Perhaps the best guide then is intent - if a language is intended for script
tasks (Windows/DOS batch files, for example, or even PHP), it is a scripting
language. If the language supports a wider focus, it is a more general purpose
programming language (Python, C, PERL, Java, etc.).

Ultimately, the best tool for the job, selected from the tools you know :) If
you're writing a web application, there are a few languages either explicitly
designed for that (PHP is a good/bad example), but many other languages can do
it as well (Python, C, PERL, Java, etc.). If you're writing a desktop
application, PHP would not be your best bet, but Python might not be either.
Ditto mobile apps.

------
jacobquick
Rust has it right, python is a programming language. One of its more common
uses is for "scripting," because you can just write it and run it at a prompt,
the compilation will happen automatically if you don't do it manually. That
part of python is designed to feel like scripting, but it isn't.

Because it is a general purpose programming language, you can use it to make
applications as well. Right now at work I'm using Salt Stack, which is a full
application written in python. Django is another popular application written
in python.

It's easy to think of python as a scripting language because a lot of people
who graduate to python from perl only ever used perl for scripting, but that's
a general purpose language as well.

Really the difference between "programming languages" and "scripting
languages" has nothing to do with the language and everything to do with
restrictions placed on the environment you use it in.
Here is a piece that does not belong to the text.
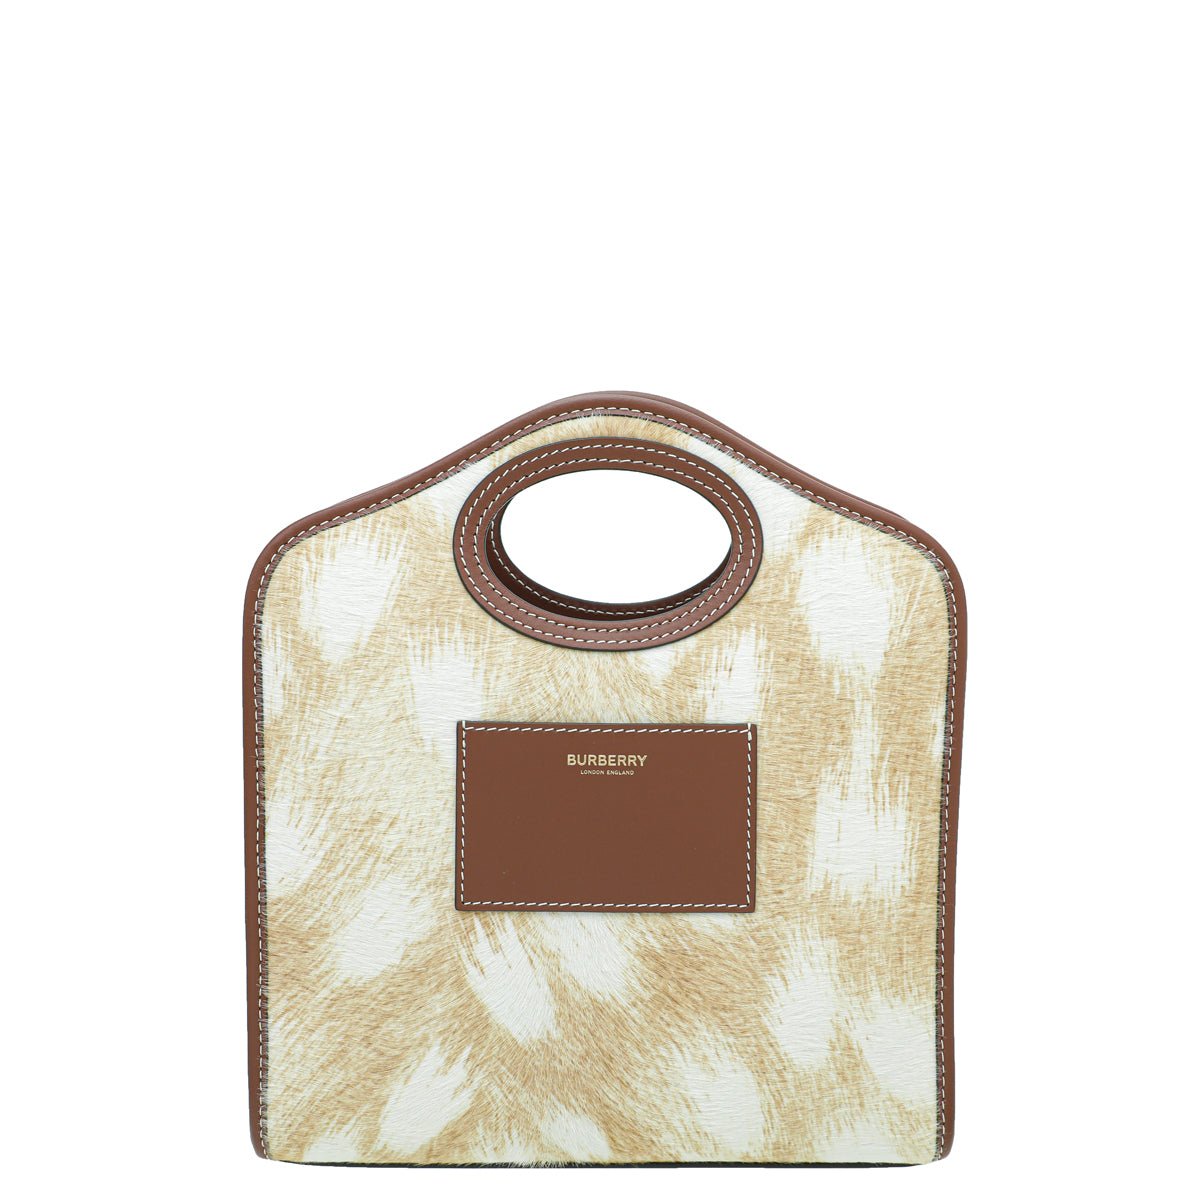 Burberry - Burberry Beige Calf Hair Mini Pocket Bag | The Closet

Where a normal install
of python would let you code scripts or full applications, a purposefully
limited version of it (for example a limited version of python is bundled as a
mod tool in the game Civilization 4) makes that specific implementation
"scripting" or "macroing" or however else you want to classify it. The
language itself is still python, though.

------
_random_
There is no strong line between two, but experienced devs would have a gut
feeling. The rule of thumb is how much code can be checked during compile
time. Since Python is dynamically-typed only, it makes it a script language.
It's basically something you want to put on the top of some sort of "core".
Another metric is the speed of execution. Python is quite slow - like other
high-level script languages. There you go.

------
stonemetal
What do you see as the difference between a scripting language and a
programming language? All scripting languages are programming languages.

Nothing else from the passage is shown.